ICD is characterized by the expression or release of DAMPs such as CRT and HMGB-1 that act as a (eat me) signal to activate APCs [39]. Consequently, active APC can present tumor antigens along with the stimulatory signals essential to produce an anti-tumor T-cell response [40]. To determine if WFA can induce ICD in lung cancer, we treated LLC, H1650 and A549 cells with WFA and then collected the cells or supernatants to measure the levels of cell surface expressed CRT (ecto-CRT) or secreted HMGB-i, respectively. We found that WFA treatment increased ecto-CRT expression in LLC, H1650 cells and A549 cells (FIGS. 2A-2C) by flow cytometry analysis. These findings prompted us to test if WFA can also induce ICD in other types of cancer (e.g., colorectal cancer). To test this hypothesis, we treated the murine MC38 and human HCT-116 colorectal cancer cell lines with WFA and then measured the change in ecto-CRT levels using flow cytometry. Interestingly, WFA increased the levels of ecto-CRT in both MC38 and HCT-116 cell lines (FIGS. 8A-8B). To measure the levels of secreted HMGB-i, we collected the supernatants of WFA-treated LLC cells and centrifuged them to remove any dead cells or debris. Using the HMGB-1 ELISA kit, we found that WFA treatment increased the HMGB-1 levels secreted in the supernatants of WFA-treated LLC cells (FIG. 2D). To confirm that the release of DAMPs by WFA treated cells can activate APCs, we isolated bone marrow-derived myeloid progenitors from C57BL/6 mice and allowed their differentiation into DCs (day 8). We then collected the bone marrow-derived DCs and co-cultured them with WFA-pretreated LLC for twenty-four hours. Subsequently, DCs were collected and their expression of the activation markers CD80, CD86, and MHC-II was measured using flow cytometry (FIG. 9). Our results indicate that DCs co-cultured with WFA-treated cells expressed higher levels of the activation markers CD80, CD86, and NMC-II than those cultured with untreated controls (FIG. 2E). Moreover, qRT-PCR shows that WFA increased IFN-α, characteristic of ICD in LLC and H1650 cells [41] (FIGS. 10A-10B). Our findings confirm that WFA can induce ICD in NSCLC cells and colorectal cancer cells by promoting the release/expression of DAMPs which consequently activate APC.

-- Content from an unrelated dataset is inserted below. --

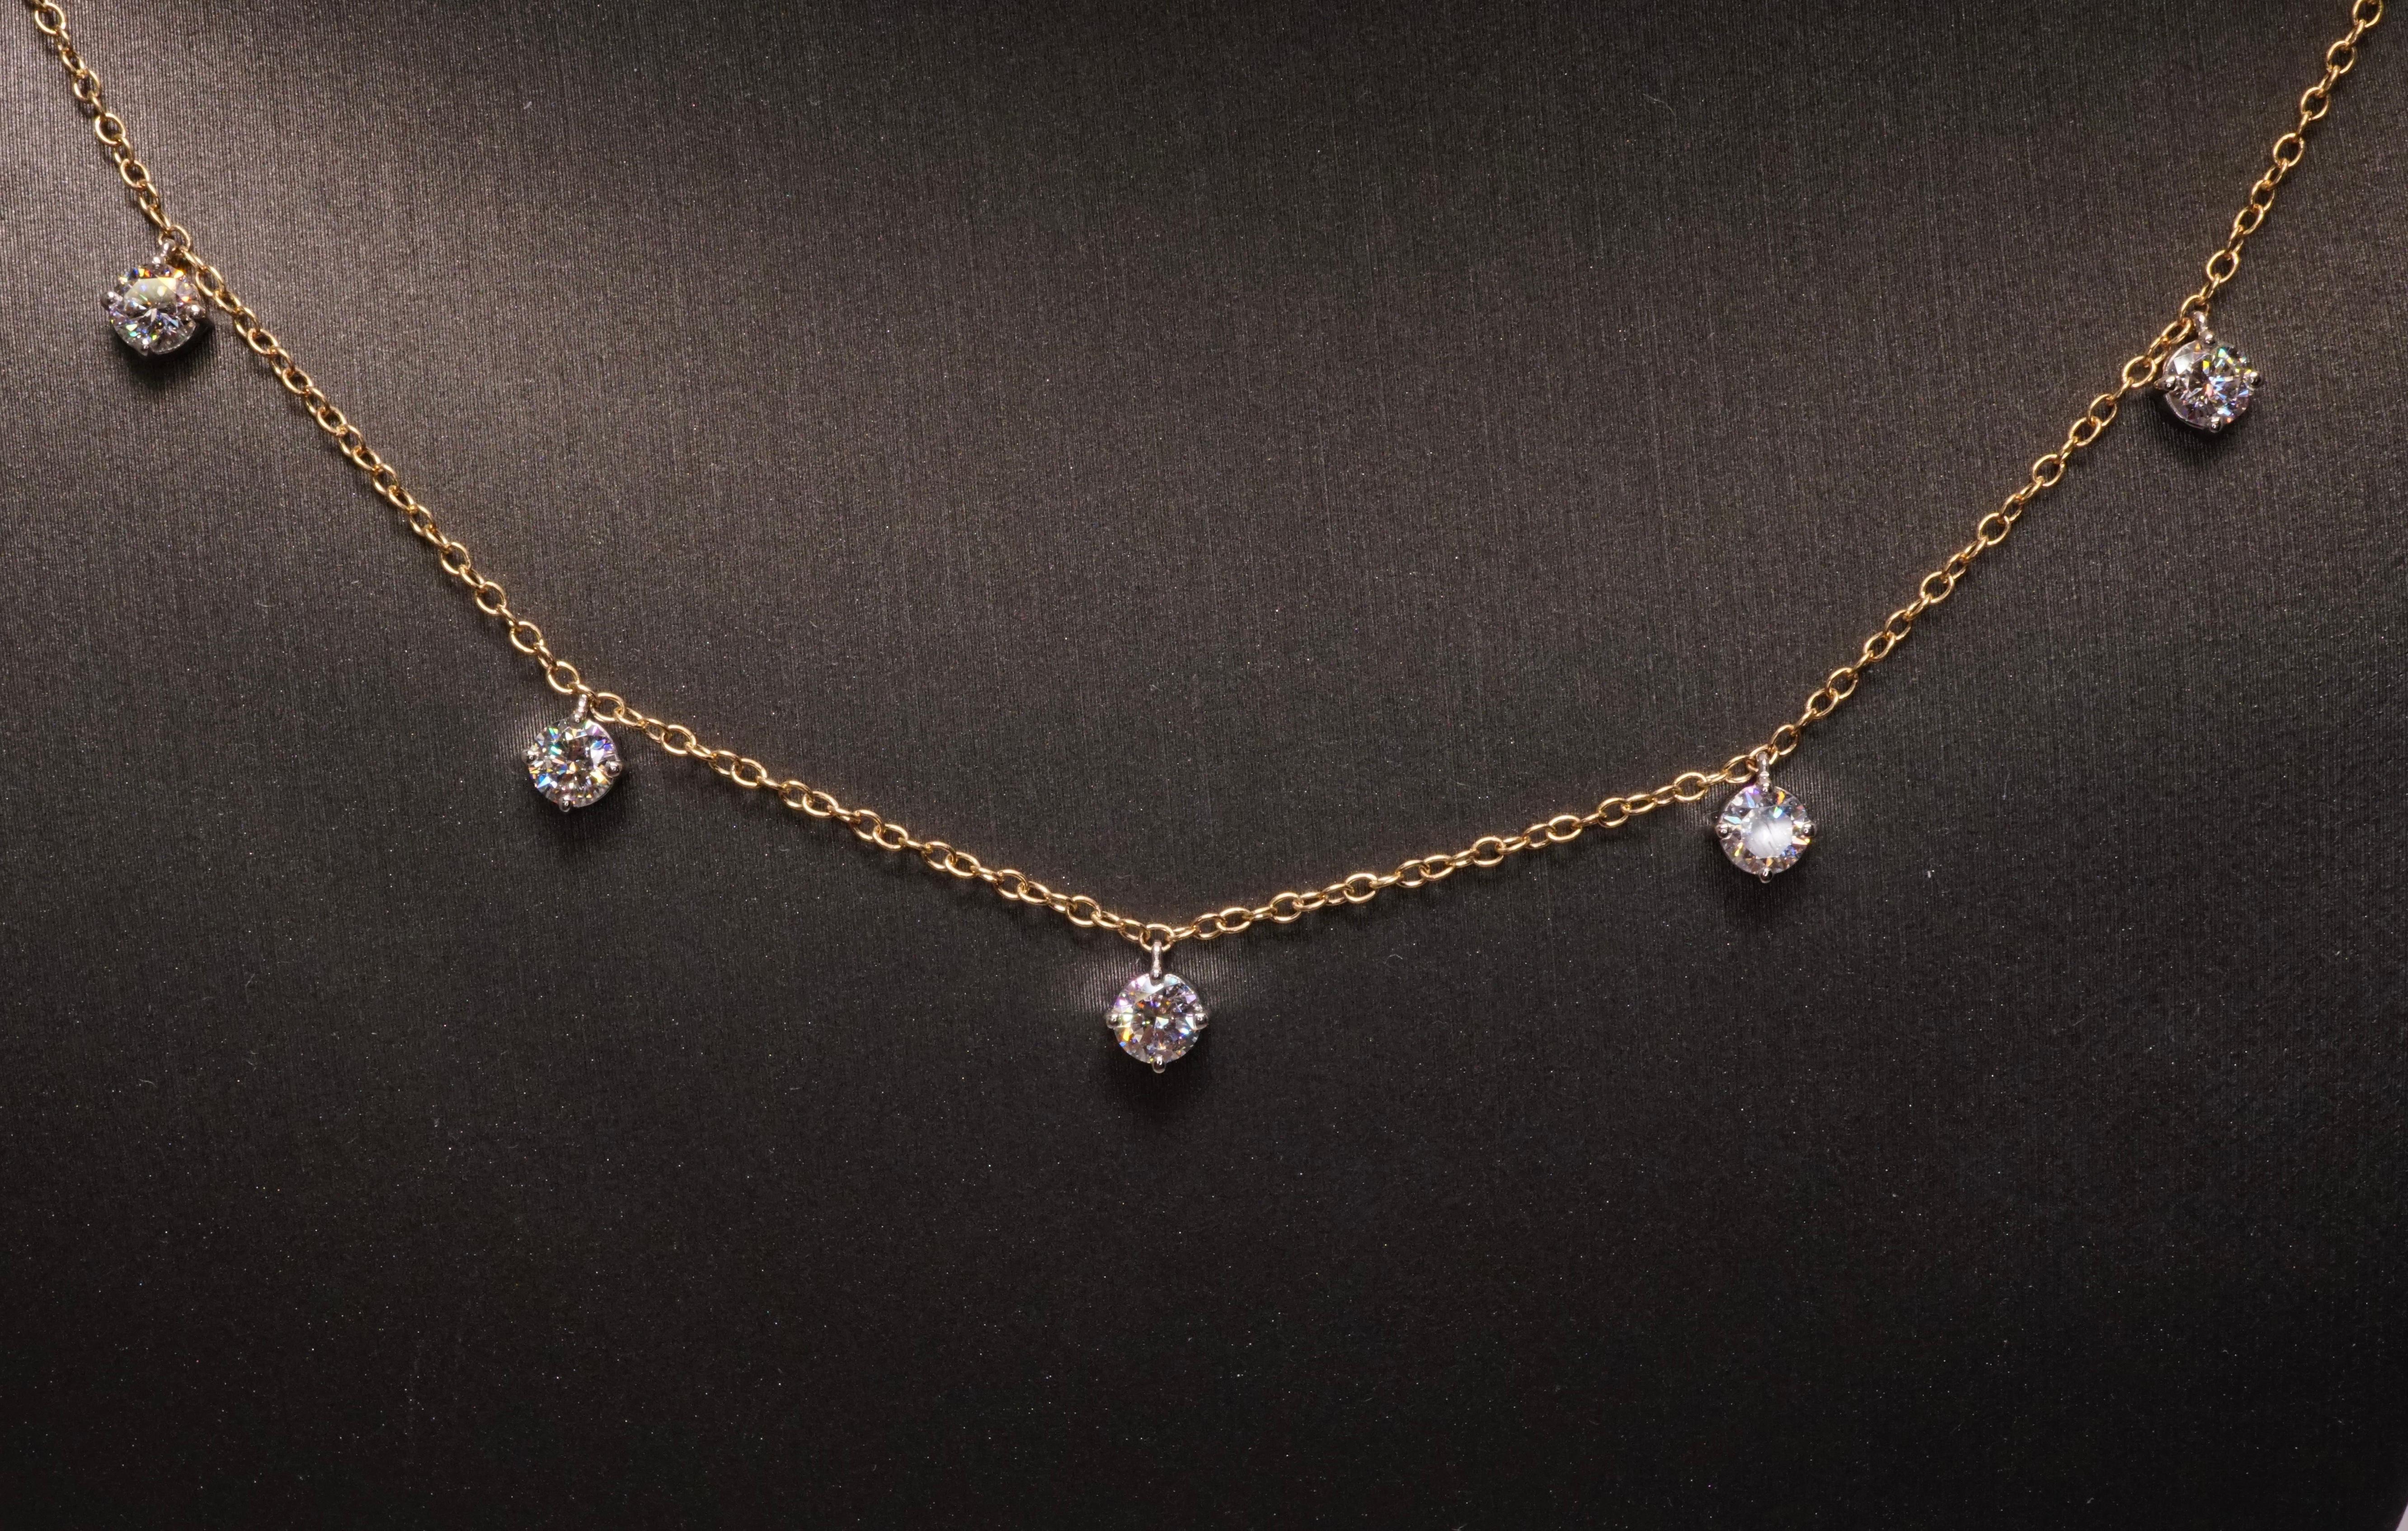 Five round diamonds set in Platinum baskets on 18K Yellow gold chain. Round Brilliant diamonds are F-G VS2-SI1. Total carat weight = 1.25ct. Poids total 3.25 grammes. Length is 16

WFA Increases PD-L1 Expression in NSCLC Cell Lines

Due to the important role of PD-L1 as a biomarker of response to ICB therapy, we investigated the effect of WFA on PD-L1 expression in NSCLC cell lines. Towards this goal, we collected WFA-treated NSCLC cell lines to measure PD-L1 surface expression using flow cytometry. We found that WFA treatment consistently increased PD-L1 expression in LLC, H1650, and A549 cell lines (FIGS. 3A, 3C, 3E). Consistently, qRT-PCR (FIGS. 3B, 3D, 3F) and western blotting (FIGS. 8E-8G) confirmed that WFA induced PD-L1 expression in NSCLC cell lines. We then investigated whether WFA can also increase PD-L1 expression in other types of cancers. Similarly, WFA increased PD-L1 expression in MC38, HCT116 colon cancer cell lines (FIGS. 8C-8D). In conclusion, WFA upregulated PD-L1 expression in NSCLC and colorectal cancer cell lines which can sensitize these tumors to ICBs.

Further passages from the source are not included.